Interprètes : Joséphine Sanz (Nelly) ; Gabrielle Sanz (Marion) ; Nina Meurisse (la mère) ; Stéphane Varupenne (le père) ; Margot Abascal (la grand-mère).

Résumé : Nelly a huit ans et vient de perdre sa grand-mère. Elle part avec ses parents vider la maison d’enfance de sa mère, Marion. Un matin sa mère s’en va. C’est là que Nelly rencontre une petite fille dans les bois. Elle a son âge et elle s’appelle Marion. C’est sa petite maman.

Comme pour les films très controversés, je vous présenterai le pour et le contre. Dans un des deux cas je me ferai, en tout ou partie, l’avocate du diable. 

Pour : C’est un grand film qui traite avec pudeur et subtilité du départ, du deuil, de la transmission. Un « petit » film, par sa durée, par l’âge des interprètes, mais qui atteint une subtilité et une ampleur remarquables. Un télescopage dans le temps. La petite amie de Nelly, qui lui ressemble comme deux gouttes d’eau (elles sont jumelles dans la vie), est sa mère enfant, quand la grand-mère, qui vient de mourir, était toujours vivante. Elle s’appelle Marion et vit dans une maison identique à celle de la grand-mère de Nelly. Un film fantastique, une atmosphère magique qui laisse des interrogations. La mère disparait, est-elle morte, malade ? où est-elle ? Cette disparition permet à la fiction de commencer. La petite fille devient la gardienne de sa mère désormais orpheline ; la relation mère-fille s’inverse. Une économie de lieux, une mise en scène cousu main d’une précision impressionnante qui fait « tenir » ce film de bout en bout. Sans effets spéciaux la réalisatrice arrive à nous faire croire à la rencontre de la petite fille avec sa mère lorsque celle-ci était enfant. Où est le faux, le vrai, le piège de l’imagination ? Quel enfant n’a pas été curieux du passé de ses parents ? Quelle enfant a été notre mère ? Va-t-on lui ressembler ? Que nous transmet-elle ? Un film audacieux qui voyage dans le temps, mêle habilement les âges de la vie.

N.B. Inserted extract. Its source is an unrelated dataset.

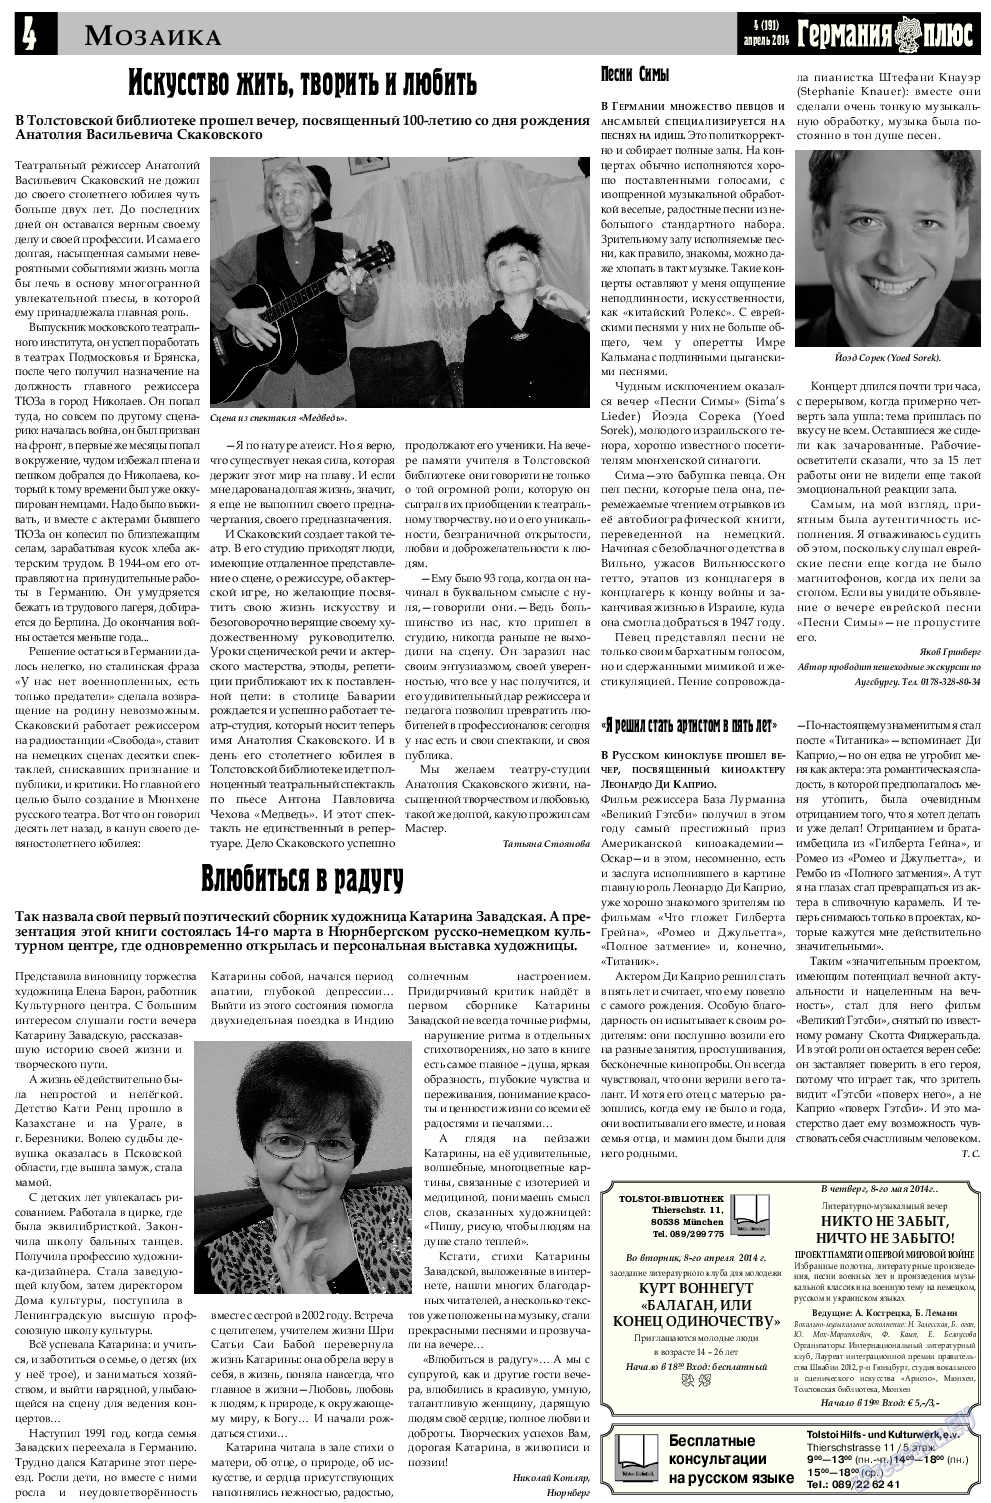 Германия плюс, газета. 2014 №4 стр.4

En revenant à l’enfance la réalisatrice relie les fils de sa filmographie avec Tomboy, avec sa capacité à filmer à hauteur d’enfants.  Un film intimiste, épuré, plein de grâce et de délicatesse.

 Contre : Il en est au cinéma comme dans bien d’autres domaines : il n’échappe pas aux effets de mode. Dès qu’un film d’une (le plus souvent) ou d’un cinéaste en vogue va sortir, les critiques l’attendent fébrilement, encensoir à la main. C’est le cas pour Céline Sciamma, comme pour Maïwenn (voir la fiche du 22 mai sur ADN). Il parait difficile et on se sent mal à l’aise d’oser dire qu’on n’a pas aimé, qu’on n’a pas bien compris l’intérêt du propos, qu’on a trouvé ce film passablement confus contrairement à l’avis de certains commentateurs. Un côté fantastique qui ne nous emporte pas, qui ne nous fait pas rêver, dont nous n’avons sans doute pas compris le sens profond. Mais y en a-t-il un ? Il faut bien tendre l’oreille sinon certains dialogues vous échapperont. Notamment entre les deux petites filles. Elles sont charmantes, délicieuses, mais on ne comprend pas toujours leur diction et elles donnent parfois l’impression de réciter un texte qu’elles ne comprennent pas. Bien qu’épuré le film en dit plus long qu’il ne prétend, notamment sur la place du père qui soit « ne se souvient pas » parce qu’il « n’écoute pas », soit avoue avoir eu peur de son propre père, soit cède aux volontés de sa fille en retardant leur départ alors que c’est l’anniversaire de sa femme, ou en se rasant le barbe. Y a-t-il un message qui indique une insuffisance de la figure paternelle ? Mais on s’éloigne alors complètement du propos initial et on instille des sous-entendus qui alourdissent un film qui n’apparait plus aussi minimaliste qu’il n’en a l’air. Le spectateur navigue en eau trouble et finit par tourner en rond dans un film qui peine à convaincre. Une grande déception malgré un concert de louanges.